This is very closely tied to emotional intelligence and the benefit of being aware of your emotions and other people’s emotions.

Finding a single goal amongst the fog of emotions and worries is difficult.

If you can’t focus on one thing and deconstruct it, then knowing what you want becomes a never-ending challenge.

Being able to manage relationships, be socially aware, and understanding emotions can help you along the path to finding happiness.

Understanding your character and capabilities will better align yourself with what you want.

Managing the pressure of goal-setting, understanding fear of the unknown, and knowing what you want, are crucial steps towards achieving.

Achieve What You Want in Life

To control what you want out of life, you need to be self-aware and claim responsibility for your emotions.

If fear, regret, or carelessness control you, achieving what you want becomes that much harder.

The importance of being self-aware and achieving lies in the comprehensive understanding of yourself that self-awareness creates.

Going back to that old saying ‘nobody knows you better than yourself’, nobody can tell you what to do.

Succeeding, be it at work or any other part of your life, comes from knowing yourself.

If you want something, then you need to understand why before pursuing it. That’s where self-awareness can lead to success.

An understanding of your behaviour can deliver a crucial understanding of other’s behaviour.

This helps you to understand the desires of others better and then find your path in life.

Becoming Self-Aware

The importance of being self-aware is substantial.
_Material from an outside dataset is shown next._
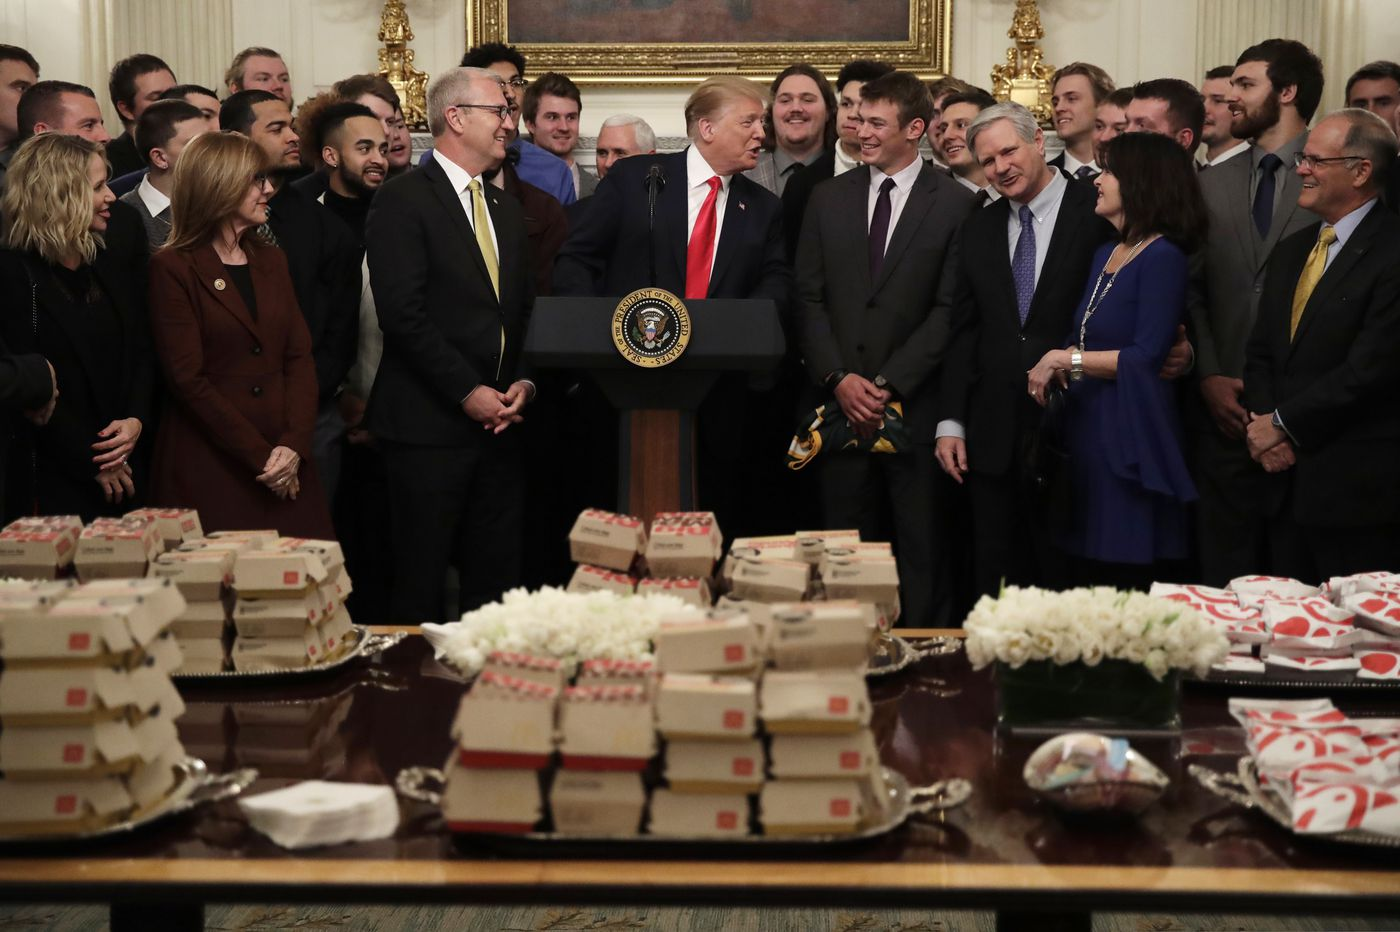 Trump serves fast food to North Dakota State football championship team

It links to who you are, what you want, and eventually, what you will achieve.

Why It Is Important to Be Self-Aware

“Self-awareness is the ability to take an honest look at your life without any attachment to it being right or wrong, good or bad.” – Debbie Ford

Without the ability to be self-aware, you can be quick to lose your uniqueness. Focus on the bad, not the good. Not realising what your potential is capable of.

So, how do you become self-aware?

Take a moment to think about the traits that describe you.

I don’t mean what you like to do or what is happening in your life. Think about your core values. The good and the bad. The hard to face characteristics and your proudest ones.

Have a list of your most prominent traits? Use that to answer the most important question of all: Who are you?

If you’ve taken on board the negatives and positives of your traits, your answer will be a varied mix. They are what make you unique.

The fundamental importance of being self-aware lies in those exact traits.

They hold your potential and your most significant challenges. When you start to understand these traits better, you can begin to enjoy your uniqueness.

Being self-aware is something that needs working on. Take an objective view of yourself and follow a path that utilises the best of your personality.

 

The only path to happiness is embracing your uniqueness and putting it to good work.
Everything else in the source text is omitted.